Work item ▸ Give back exactly the lines of the material below, starting with the line with "Сумка Женская Классическая" and going on through the line with "夜的钢琴曲五,c调,而且是纯简谱图片".

Records provided ▸

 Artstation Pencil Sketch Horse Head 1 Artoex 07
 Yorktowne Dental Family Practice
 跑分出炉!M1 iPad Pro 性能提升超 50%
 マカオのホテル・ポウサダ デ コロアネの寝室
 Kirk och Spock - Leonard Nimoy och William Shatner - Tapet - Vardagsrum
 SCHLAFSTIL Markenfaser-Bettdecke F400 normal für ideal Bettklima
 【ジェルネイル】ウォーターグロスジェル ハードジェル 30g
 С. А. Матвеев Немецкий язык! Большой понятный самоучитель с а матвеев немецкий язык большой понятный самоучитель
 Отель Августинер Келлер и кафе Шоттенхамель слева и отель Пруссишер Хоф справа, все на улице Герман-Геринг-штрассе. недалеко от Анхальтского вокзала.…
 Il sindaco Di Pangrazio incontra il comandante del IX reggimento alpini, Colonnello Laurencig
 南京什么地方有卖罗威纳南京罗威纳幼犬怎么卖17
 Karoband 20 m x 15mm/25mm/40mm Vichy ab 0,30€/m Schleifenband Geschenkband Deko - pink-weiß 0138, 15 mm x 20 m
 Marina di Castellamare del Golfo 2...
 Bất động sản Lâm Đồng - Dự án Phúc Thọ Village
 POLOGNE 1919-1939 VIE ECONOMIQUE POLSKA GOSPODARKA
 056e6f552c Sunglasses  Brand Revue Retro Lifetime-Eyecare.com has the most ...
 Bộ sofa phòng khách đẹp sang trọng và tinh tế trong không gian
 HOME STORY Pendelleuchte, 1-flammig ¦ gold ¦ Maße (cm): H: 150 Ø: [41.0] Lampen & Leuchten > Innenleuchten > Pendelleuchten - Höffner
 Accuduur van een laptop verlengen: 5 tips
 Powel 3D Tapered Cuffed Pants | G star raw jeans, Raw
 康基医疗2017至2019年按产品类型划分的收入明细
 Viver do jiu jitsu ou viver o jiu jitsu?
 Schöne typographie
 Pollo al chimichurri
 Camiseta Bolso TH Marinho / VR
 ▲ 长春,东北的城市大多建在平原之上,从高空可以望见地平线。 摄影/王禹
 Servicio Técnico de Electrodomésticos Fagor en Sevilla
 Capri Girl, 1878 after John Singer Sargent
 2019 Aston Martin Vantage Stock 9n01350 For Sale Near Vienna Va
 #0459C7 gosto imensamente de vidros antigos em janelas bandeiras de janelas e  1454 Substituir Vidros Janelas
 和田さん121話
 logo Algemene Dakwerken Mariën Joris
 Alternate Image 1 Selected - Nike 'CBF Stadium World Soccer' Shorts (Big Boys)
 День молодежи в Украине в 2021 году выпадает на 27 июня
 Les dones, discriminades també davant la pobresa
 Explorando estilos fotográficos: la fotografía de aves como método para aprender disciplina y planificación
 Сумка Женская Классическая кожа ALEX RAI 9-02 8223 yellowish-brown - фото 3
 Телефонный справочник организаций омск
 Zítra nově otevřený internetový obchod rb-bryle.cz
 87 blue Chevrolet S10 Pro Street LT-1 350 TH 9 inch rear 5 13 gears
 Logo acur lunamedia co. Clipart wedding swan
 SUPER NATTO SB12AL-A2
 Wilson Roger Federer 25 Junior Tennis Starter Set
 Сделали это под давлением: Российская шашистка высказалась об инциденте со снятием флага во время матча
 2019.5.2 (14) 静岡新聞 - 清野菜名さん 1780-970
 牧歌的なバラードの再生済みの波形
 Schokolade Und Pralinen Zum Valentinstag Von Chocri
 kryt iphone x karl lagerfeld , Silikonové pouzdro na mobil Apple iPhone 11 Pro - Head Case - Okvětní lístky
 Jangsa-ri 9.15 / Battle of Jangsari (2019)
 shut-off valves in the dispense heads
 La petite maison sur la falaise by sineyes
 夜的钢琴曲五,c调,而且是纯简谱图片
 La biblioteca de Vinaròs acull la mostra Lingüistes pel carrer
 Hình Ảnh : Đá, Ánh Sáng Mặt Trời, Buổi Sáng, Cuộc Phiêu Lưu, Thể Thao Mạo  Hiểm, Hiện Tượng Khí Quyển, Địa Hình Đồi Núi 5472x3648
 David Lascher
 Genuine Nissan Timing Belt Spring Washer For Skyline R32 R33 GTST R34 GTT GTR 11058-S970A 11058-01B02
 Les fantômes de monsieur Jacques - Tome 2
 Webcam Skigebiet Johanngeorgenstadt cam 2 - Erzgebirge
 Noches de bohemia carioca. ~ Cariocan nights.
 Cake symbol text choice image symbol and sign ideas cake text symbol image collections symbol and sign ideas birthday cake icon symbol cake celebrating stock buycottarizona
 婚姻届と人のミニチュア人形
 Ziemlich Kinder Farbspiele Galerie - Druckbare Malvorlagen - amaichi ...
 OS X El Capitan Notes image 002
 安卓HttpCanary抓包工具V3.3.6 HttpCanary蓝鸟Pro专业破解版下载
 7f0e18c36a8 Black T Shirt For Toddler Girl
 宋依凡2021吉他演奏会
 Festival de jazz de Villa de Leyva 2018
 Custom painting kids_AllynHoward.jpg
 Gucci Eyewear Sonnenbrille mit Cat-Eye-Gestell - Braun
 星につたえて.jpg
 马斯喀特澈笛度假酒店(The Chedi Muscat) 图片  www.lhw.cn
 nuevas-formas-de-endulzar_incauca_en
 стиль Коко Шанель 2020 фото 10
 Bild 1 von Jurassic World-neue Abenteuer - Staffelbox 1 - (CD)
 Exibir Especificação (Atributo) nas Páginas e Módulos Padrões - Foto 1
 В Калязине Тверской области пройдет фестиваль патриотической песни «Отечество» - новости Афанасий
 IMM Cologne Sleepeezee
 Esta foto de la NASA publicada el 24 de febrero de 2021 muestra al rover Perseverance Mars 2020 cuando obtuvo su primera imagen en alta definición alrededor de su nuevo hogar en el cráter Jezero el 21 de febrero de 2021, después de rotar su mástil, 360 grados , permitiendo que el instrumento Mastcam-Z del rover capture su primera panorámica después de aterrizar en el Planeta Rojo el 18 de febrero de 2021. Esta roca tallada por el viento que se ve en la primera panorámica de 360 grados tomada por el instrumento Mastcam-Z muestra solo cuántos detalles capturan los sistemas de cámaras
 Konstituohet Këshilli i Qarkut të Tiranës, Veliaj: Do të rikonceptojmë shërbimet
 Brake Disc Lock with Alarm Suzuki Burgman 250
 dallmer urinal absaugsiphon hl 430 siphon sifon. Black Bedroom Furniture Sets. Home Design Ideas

Result of the task ▸
 Сумка Женская Классическая кожа ALEX RAI 9-02 8223 yellowish-brown - фото 3
 Телефонный справочник организаций омск
 Zítra nově otevřený internetový obchod rb-bryle.cz
 87 blue Chevrolet S10 Pro Street LT-1 350 TH 9 inch rear 5 13 gears
 Logo acur lunamedia co. Clipart wedding swan
 SUPER NATTO SB12AL-A2
 Wilson Roger Federer 25 Junior Tennis Starter Set
 Сделали это под давлением: Российская шашистка высказалась об инциденте со снятием флага во время матча
 2019.5.2 (14) 静岡新聞 - 清野菜名さん 1780-970
 牧歌的なバラードの再生済みの波形
 Schokolade Und Pralinen Zum Valentinstag Von Chocri
 kryt iphone x karl lagerfeld , Silikonové pouzdro na mobil Apple iPhone 11 Pro - Head Case - Okvětní lístky
 Jangsa-ri 9.15 / Battle of Jangsari (2019)
 shut-off valves in the dispense heads
 La petite maison sur la falaise by sineyes
 夜的钢琴曲五,c调,而且是纯简谱图片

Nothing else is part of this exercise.